Thursday, December 18, 2008

Weakening Dollar. Should Tech Estimates Be Adjusted Upward?

Now that the dollar has fallen for the past two weeks against the Euro and the British Pound, could this mean that Tech companies that derive a significant percentage of revenues from outside the U.S., are likely to post stronger than expected results for the current quarter!

That depends on how much of their revenues is derived in December compared to the other two months of the quarter. For companies like eBay, Amazon, and Google (all three generate close to 50% or more of revenues outside the U.S.), the percentage of revenues derived in December is significant both domestically and internationally.
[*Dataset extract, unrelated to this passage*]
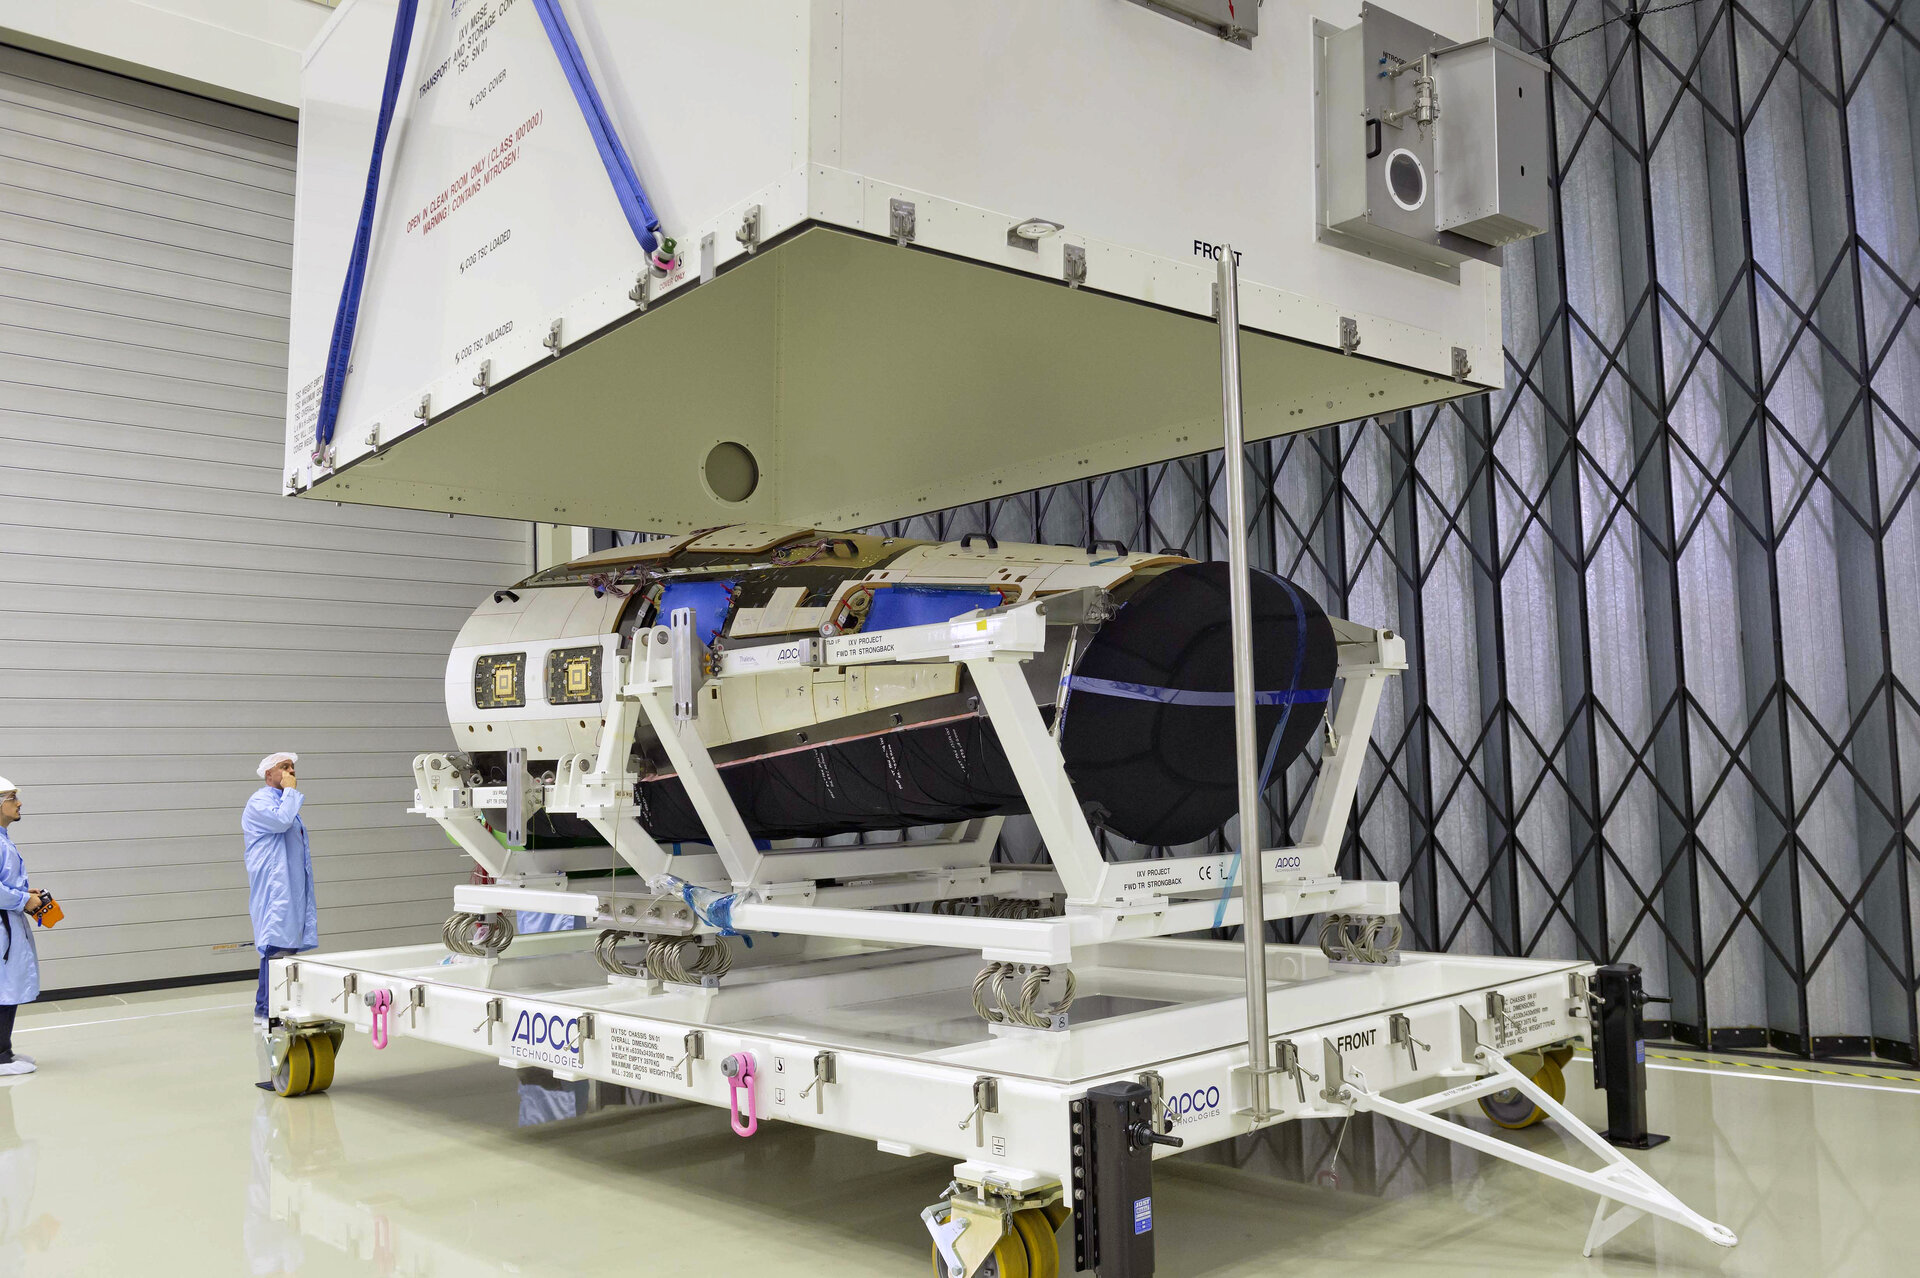 ESA's ruimtevliegtuig IXV: Intermediate eXperimental Vehicle

The same is not true for the software and semiconductor companies, whose revenues are more evenly paced throughout the quarter. Those companies derive anywhere from 50%-75% of their revenues outside the U.S.

Almost every Tech company reduced guidance for the quarter partly due to the stronger dollar (but largely due to the economy). As well, analysts reduced their estimates for the quarter due in part to the stronger dollar.

Most journalist focus on the absolute revenue and profit numbers while the more astute analysts will analyze results ex the FX effect. But the overall headline number is what will grab attention and what will drive the stocks up or down initially.

I doubt analysts will adjust their numbers for the weakening dollar for three weeks of the quarter. If the Nets get a bump in revenues and profits due to the weak dollar, then the likelihood of a beat vs. Street seems high. Not so for the software and semiconductor companies.

So what about 2009 guidance and estimates? Not sure CFOs will factor in the weakening of the dollar into their guidance for the year. But they should be thinking about it.

The Wall Street Journal stated that the Fed has "undercut any advantage to holding the dollar versus another currency" and that the quantitative easing suggested by the Fed " will flush the system with more dollars, essentially decreasing the currency's underlying value". The two together spells significant weakness for the dollar going forward, according to Tom Fitzpatrick, the head of currency strategy at Citigroup.

While I am not sure how to play this one yet for equities, I will definetly watch for how the Street and the companies adjust numbers for 2009 to account for the weak dollar. That is off course balancing that with what could be continued economic weakness in Europe and other areas outside the U.S.